JIMMY EDWARDS; ROBERT HUNT; DOLORES HUNT; CLIFFORD MCKELLAR, JR.; EMMA MCKELLAR; ANTOINETTE MOORE; WEST LUMBERTON BAPTIST CHURCH; CURRIE CHAIN SAW, INCORPORATED; C.J.M. VENTURES, INCORPORATED; WILLIAM LOCKLEAR, d/b/a Stricklands‘s Barbershop; TBL ENVIRONMENTAL LABORATORY, INCORPORATED; SAMMY‘S AUTO SALES, INCORPORATED; LINDA SAMPSON; ERIC CHAVIS, on behalf of themselves and all others similarly situated, Plaintiffs - Appellants, v. CSX TRANSPORTATION, INCORPORATED, Defendant - Appellee.
No. 19-1782
UNITED STATES COURT OF APPEALS FOR THE FOURTH CIRCUIT
December 15, 2020
PUBLISHED. Argued: October 26, 2020. Before WYNN, HARRIS, and QUATTLEBAUM, Circuit Judges. Affirmed in part, reversed in part, and remanded by published opinion. Judge Wynn wrote the opinion, in which Judge Harris and Judge Quattlebaum joined.

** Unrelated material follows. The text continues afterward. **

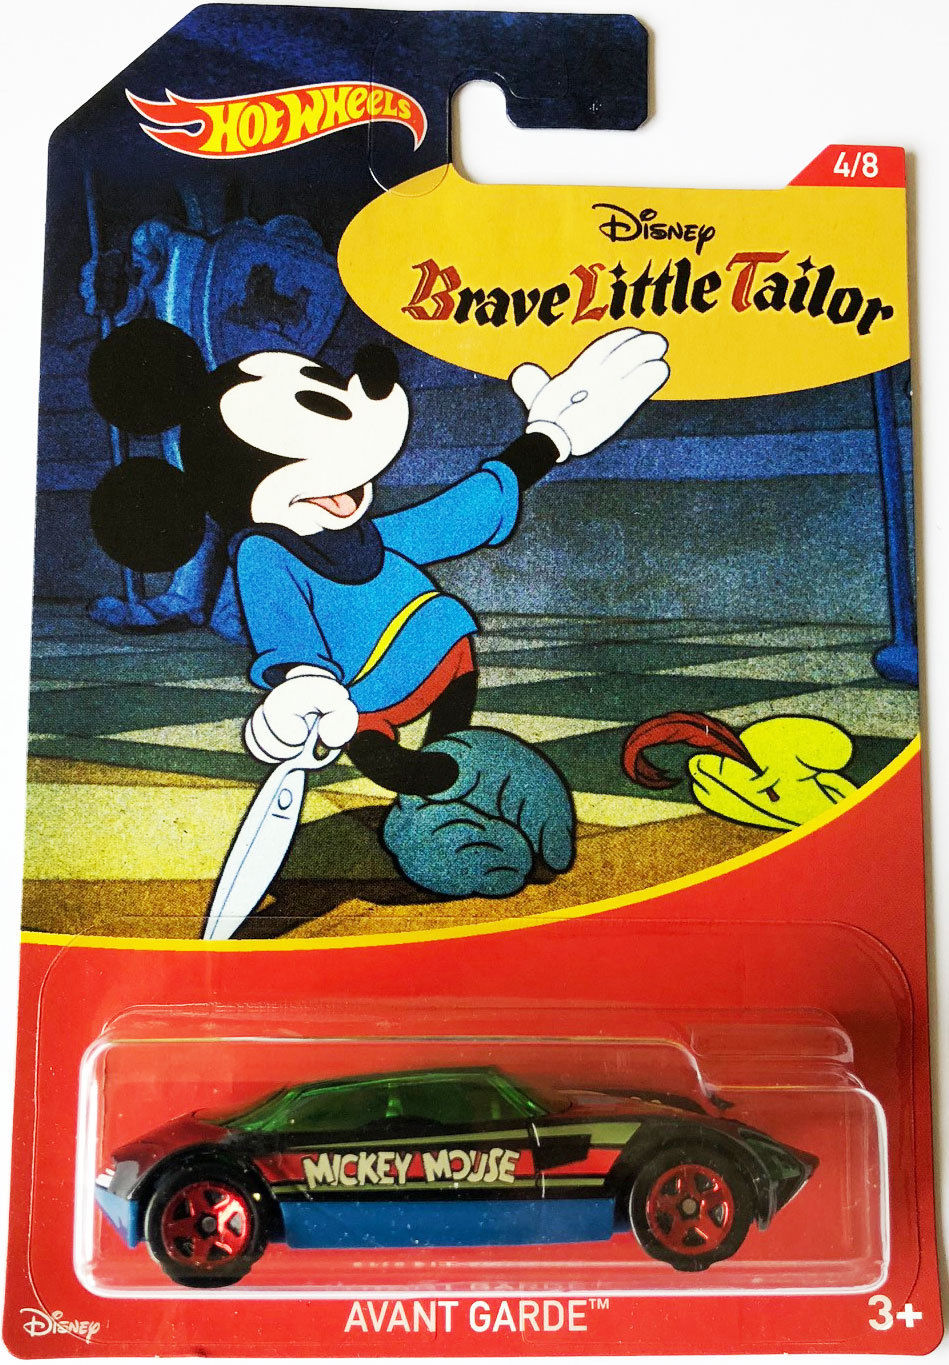 Hot Wheels 2018 - Disney Mickey Mouse # 4/8 - Avant Gardew - Black / Brave Little Tailor - Walmart Exclusive - Disney Blister Card

Appeal from the United States District Court for the Eastern District of North Carolina, at Wilmington. Terrence W. Boyle, Chief District Judge. (7:18-cv-00169-BO; 7:18-cv-00177-BO; 7:18-cv-00178-BO)
ARGUED: William Franklin Cash, III, LEVIN PAPANTONIO THOMAS MITCHELL RAFFERTY & PROCTOR, P.A., Pensacola, Florida, for Appellants. April N. Ross, CROWELL & MORING LLP, Washington, D.C., for Appellee. ON BRIEF: Theodore J. Leopold, Martha Geer, Adam Langino, COHEN MILSTEIN SELLERS & TOLL PLLC, Raleigh, North Carolina; Daniel K. Bryson, Matthew E. Lee, Jeremy R. Williams, WHITFIELD BRYSON & MASON LLP, Raleigh, North Carolina; Gregory F. Coleman, GREG COLEMAN LAW PC, Knoxville, Tennessee; Mark R. Sigmon, SIGMON LAW, PLLC, Raleigh, North Carolina, for Appellants. Henry L. Kitchin, Jr., MCGUIREWOODS LLP, Wilmington, North Carolina; Scott L. Winkelman, Amanda Shafer Berman, Rachel P. Raphael, CROWELL & MORING LLP, Washington, D.C., for Appellee.

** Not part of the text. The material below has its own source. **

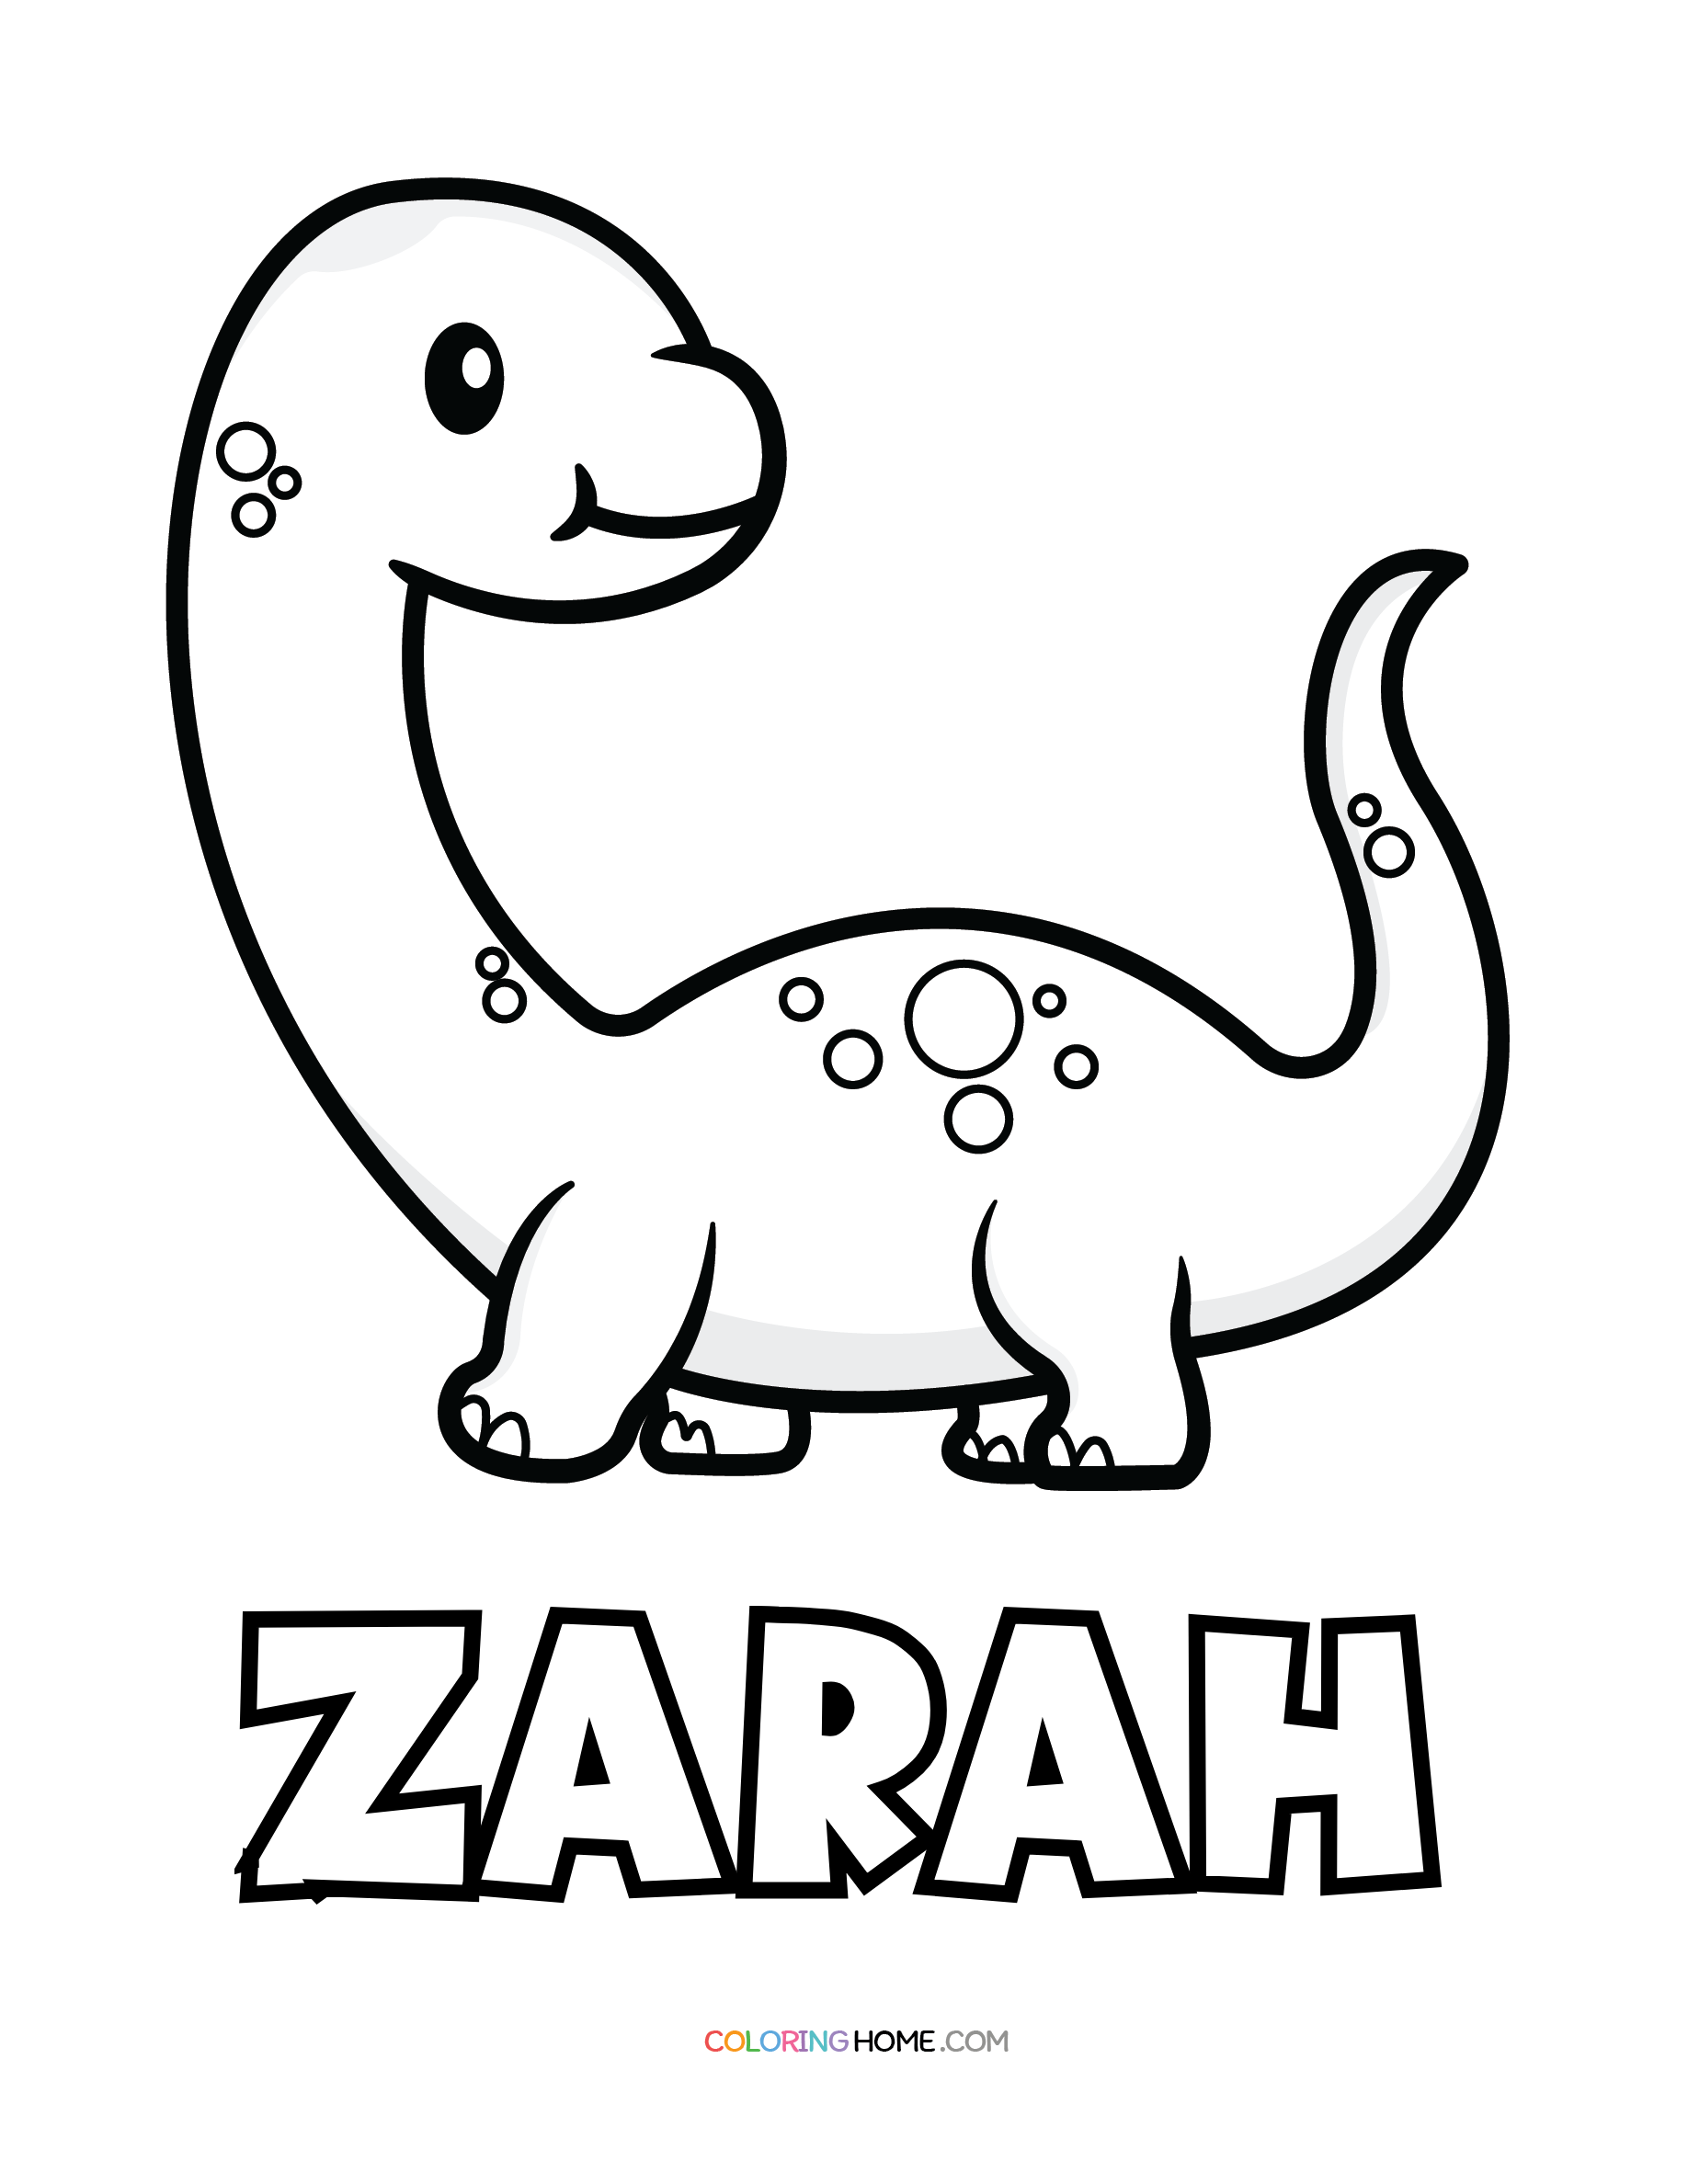 Zarah dinosaur coloring page

In this putative class action, residents and businesses of Lumberton, North Carolina
I.
A.
Lumberton straddles the Lumber River, which flows from northwest to southeast.1 The north side of town, on one side of the river, is on somewhat elevated terrain. But the neighborhoods on the south and west sides are low-lying areas that are prone to flooding. So, in the 1960s, a group of local, state, and federal authorities came together to build a levee system. An earthen barrier would run along the river‘s southwestern bank before merging in a “T” shape with an elevated segment of I-95. Construction began in 1975 and concluded two years later.
As devised, the levee system contains a glaring vulnerability: since the 1850s, CSX and its forebearers have operated a rail line that parallels the river south of the earthen barrier. I-95 crosses over the rail line and an adjacent road via an overpass, creating an unobstructed “gap” through which trains—and waters—may run.2 According to Plaintiffs, the gap is low and wide enough “to act as a drain or funnel” during heavy storms, “pulling” floodwaters into southwest Lumberton and rendering the levee system ineffective. J.A. 6.3
To address this problem, the City of Lumberton entered into a licensing agreement in 1978 with Seaboard Coast Line Railroad Company (CSX‘s predecessor) and Robeson County Drainage District No. 1. Pursuant to that “Tri-Party Agreement,” the City and the Drainage District are permitted “to construct and maintain portions of a[n] earthen dike on the easterly and westerly portions of [the railroad‘s] right of way” through the gap.4 Id. at 56. Further, the City may “clos[e] said dike across [the railroad‘s] track” whenever Lumberton “is in [im]minent danger of flood[ing],” so long as it gives “at least 12 hours[‘] notice prior to such closing.” Id. at 57.
In 1979, the City published a set of Operational Procedures, affirming its intent to “provid[e] flood protection to South and West Lumberton” by sandbagging the gap during major weather events. See id. at 63. It is unclear how frequently, if ever, the City effectively exercised that protocol in the decades that followed.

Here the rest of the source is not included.